S19 A forensic teardown of the 82% viral claim
The rework number went viral.
The baseline didn't.
A forensic teardown of the viral claim that 82% of AI tokens go to rework. Eight independent datasets, one rebuilt dollar. The direction is right. The number is marketing. The baseline is from 1978.
Scroll through eight interactive charts built from Faros, CodeRabbit, DORA, METR, Stack Overflow, GitClear, SWE-Bench, and McKinsey data. Each chart stress-tests one piece of the Entelligence screenshot. Toggle between the vendor's framing and what the independent telemetry actually shows.
§ I The screenshot that launched a thousand takes
In late May 2026, a dashboard screenshot from a startup called Entelligence went viral. It claimed that across 2,444 companies, 82% of AI-generated tokens go to bugs, rework, and review. Four cents of every dollar reaches a shipped feature.
The number felt right to anyone who has watched an LLM confidently produce code that passes the linter and fails the user. Faros, CodeRabbit, DORA, GitClear, Stack Overflow, and Jellyfish had all, independently, published data pointing in the same direction. But "felt right" and "is right" are different claims with different evidence standards.
The chart is from Entelligence's own product dashboard. Entelligence sells AI code-review tools and engineering-intelligence dashboards. The 82% number is a sales asset for the product that fixes the problem the number describes. That does not make it wrong. It does mean the lab has to do what the screenshot did not: show the sources, name the assumptions, and rebuild the dollar from scratch.
S19.1 The baseline nobody mentioned
Pre-AI software engineering already spent 75-80% of effort on maintenance, debugging, and review. The 82% number looks alarming until you remember the baseline.
S19.2 The perception gap
The most-cited evidence that AI makes developers slower had to walk itself back. METR's 2025 RCT found a 19% slowdown. Their 2026 replication found 4%, with wide confidence intervals.
S19.3 The capability nobody charted
While the rework discourse raged, the underlying models got dramatically better at the exact task they were accused of failing.
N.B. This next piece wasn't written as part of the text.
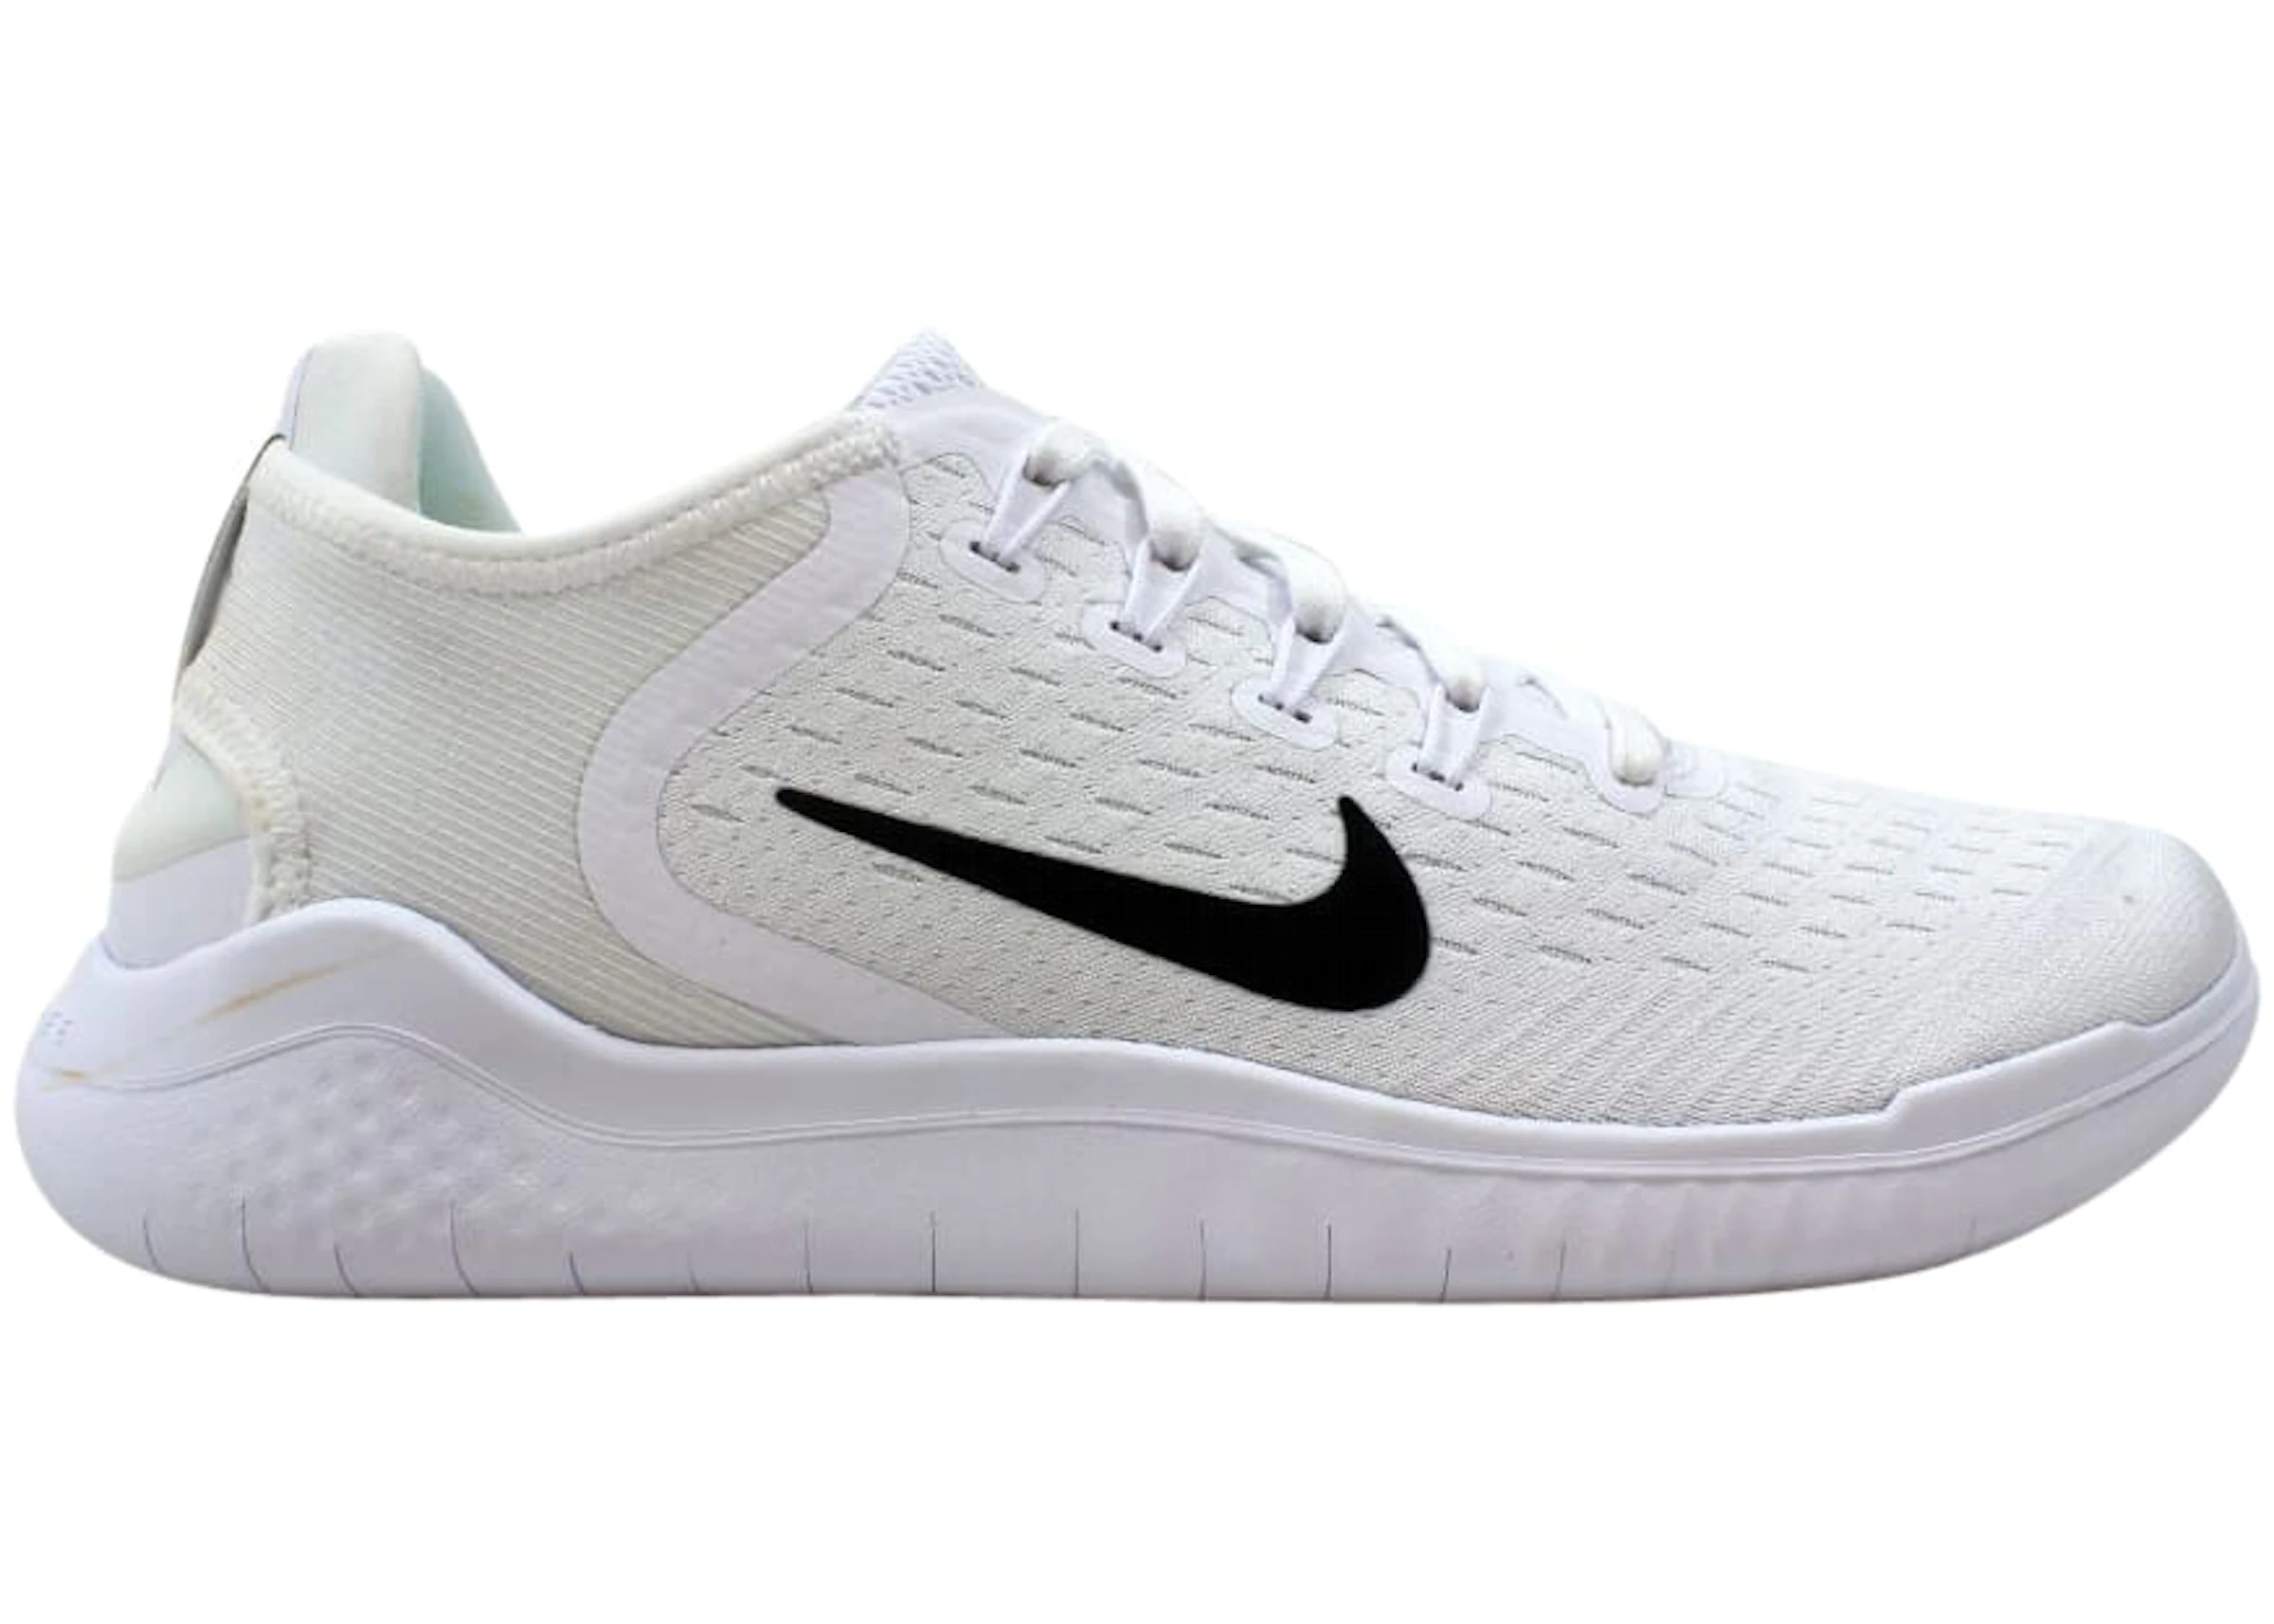 partition Hula hoop Explosives Nike Free RN 2018 White (W) - 942837-100 - US

S19.4 Acceleration whiplash
Faros AI tracked 22,000 developers across 4,000+ teams for two years. The verdict: AI helps the top line and hurts the bottom at the same time.
S19.5 The quality cost is real
CodeRabbit analyzed 470 open-source PRs. AI-generated code had 1.7x more issues across every category.
S19.6 Trust is falling as usage rises
Developers are using AI more even as they trust it less. This is the human texture behind the rework claim.
S19.7 Copy, don't refactor
AI optimizes for producing more code, not leaving the codebase smaller. 2024 was the first year copy-pasted lines exceeded refactored lines.
S19.8 The rebuilt dollar
Same dollar, three very different stories. Here is Sankar's framing, Jellyfish's data, and McKinsey's survey, side by side, with assumptions visible.
§ X Receipts
§ XI Methodology & Colophon
Every chart is hand-drawn in SVG by a small vanilla JavaScript module. No frameworks, no build step. Data is baked into the page as static arrays. Nothing is fetched from an API.
Entelligence dashboard screenshot (viral, May 2026). Faros AI Acceleration Whiplash report (Apr 2026, n=22,000 devs). CodeRabbit State of AI vs Human Code Generation (Dec 2025, n=470 PRs). METR RCT (Jul 2025, n=16; Feb 2026 replication, n=57). DORA State of DevOps 2024 (n=3,000) and 2025 (n=4,879). Stack Overflow Developer Survey 2025 (n=49,009). GitClear AI Copilot Code Quality 2025 (211M changed lines). SWE-Bench Verified leaderboard (Vals AI, May 2026). Jellyfish Q1 2026 (n=7,548, via TechCrunch). McKinsey State of AI 2025 (n=1,993). Lientz, Swanson & Tompkins, CACM 1978.
Faros AI · Acceleration Whiplash ↗
CodeRabbit · State of AI vs Human Code ↗
METR · AI developer productivity study ↗
DORA · State of AI-Assisted Software Development 2025 ↗
Stack Overflow · Developer Survey 2025 ↗
Lientz, Swanson & Tompkins · CACM 1978 ↗
The Entelligence claim's methodology is opaque, self-reported, and commercially motivated. The "2,444 companies" figure almost certainly includes free-tier and trial accounts, not paying enterprise customers. The $0.04 net feature delivery number is inconsistent with every other published ROI estimate. SWE-Bench scores above 85% carry documented contamination concerns. The METR RCT's 2025 cohort was small (n=16) and the 2026 replication had severe selection bias. The pre-AI baseline of 75-80% is from 1978 and may not reflect contemporary practice. All forward-looking numbers are self-reported surveys, not controlled measurements.